I also like the idea of many of us having some strong connections in different groups. It is great you can visit a city and be sure some folks will want to meet up, or the opposite, to know a geo-friend is coming to town and a few locals will want to gather and have a chat.
Q: I read on your blog that you’re a big sailor. How did you get into that? Any future sailing goals?
A: Oh, you said it wrong. I’m big, period. And then I’m a bit of a sailor 😂. I got into sailing only around ten years ago when I started attending sailing practice with my Prodevelop friends some Friday afternoons after work. Shortly after, I got a skipper license to learn more about the craft and began to participate in sailing activities in bigger yachts. In 2016 I joined the Oosterschelde to sail from Douarnenez in France to Oban* in Scotland. I realized then that that was the kind of sailing I loved the most: a big schooner where everyone in the crew had to hoist sails, take the wheel, help on the galley, and learn together about the sea.

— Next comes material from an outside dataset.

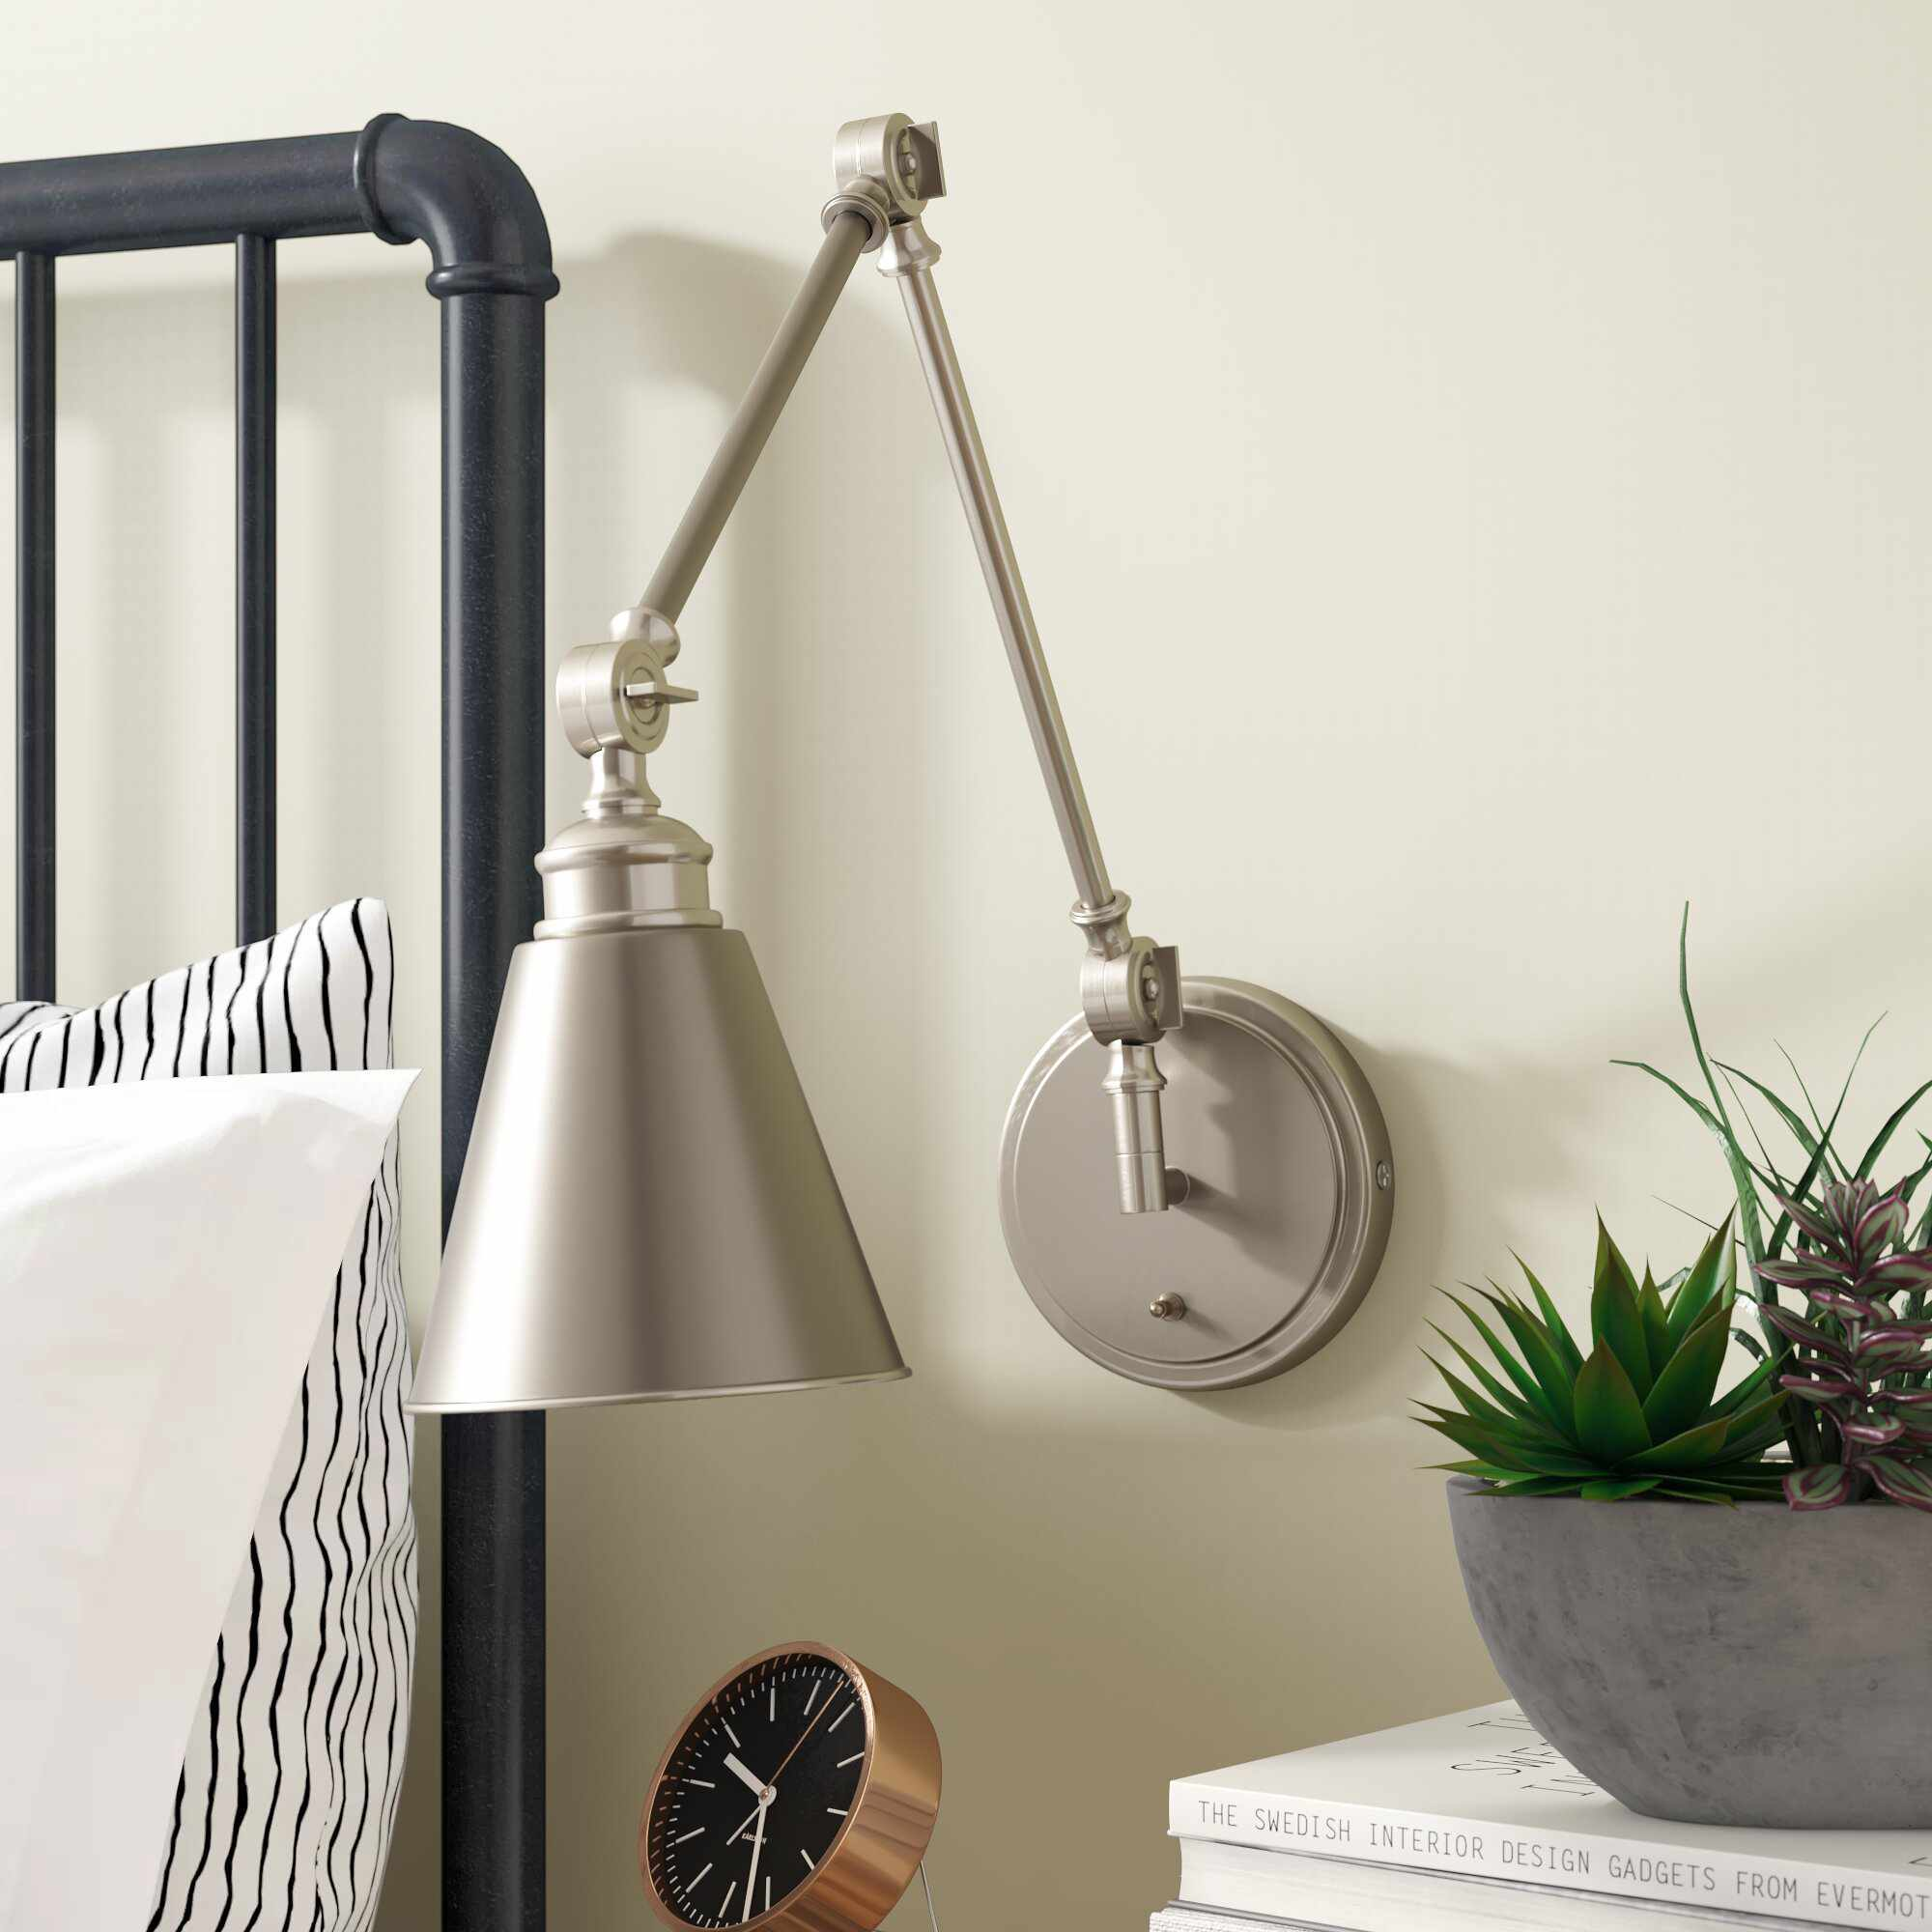 Beckham 1 - Light Plug-in Swing Arm

One of the many things I love about this kind of activity is that you join an effort to move the boat from point A to point B, and everyone is needed. You work in shifts that rotate through the day, collaborating in the common goal of arriving at B successfully. People from different cultures, ages, and backgrounds, total strangers before starting the trip, and enclosed in a not so ample space 24 hours a day, need to learn many things quickly. This gets you in a very particular mood, a mix of confusion, excitement, positivism, and sometimes a bit of fear. Some may be experienced sailors, others like more occasional practitioners, some absolutely new to the experience, but everyone learns and enjoys the trip together. I totally recommend it, no previous experience is needed, and it is OK for all ages. I’ve sailed with people in their 20s and in their 80s.
BTW, there’s nothing like arriving at a harbor (maybe even in a different country!) after a few days on the sea, eager to explore what the place has to offer.
Last December, I became a dad, so I don’t really think I’ll have the time or the motivation for long sailing trips in the near term. Yet, on my bucket list, I have the Atlantic Ocean crossing; something like Cape Verde to the Caribbean would be incredible. Another dream would be to sail to Antarctica. I have also to admit I have never been on a regular touristy cruise, maybe that’s something we can do as a family until my son is old enough to join me on a long sailing trip!
Q: What’s your most geo geek interest?
A: Ahh, so hard to say. I’m interested primarily in technology around web mapping and data processing. I love “analog” cartography styling, and watching NACIS talks about hand-drawn maps is always a joy. Still, at the end of the day, any advancement in the Open Source to process, distribute, and display geospatial data will always attract me. An example of a recent interest would be the advances in file formats optimized for the Cloud and HTTP Range Get requests. COGs (Cloud Optimized GeoTIFF) are already pretty popular and being adopted, but there’s already a new cool kid on the block that would be the COG vector counterpart called FlatGeobuf. I hope we will see many projects experimenting around this new format, and at some point I’d love to tinker with it as well.
Q: What makes you a geohipster?
A: You mean apart from the flip flops, right? Just kidding 😂. I always try to stay positive and open-minded, with a never-ending curiosity for all kinds of topics. I like to have an eye on what is out of the mainstream industry trends. Maybe that makes me some sort of geohipster, or at least a good Geoinquieto 🤗.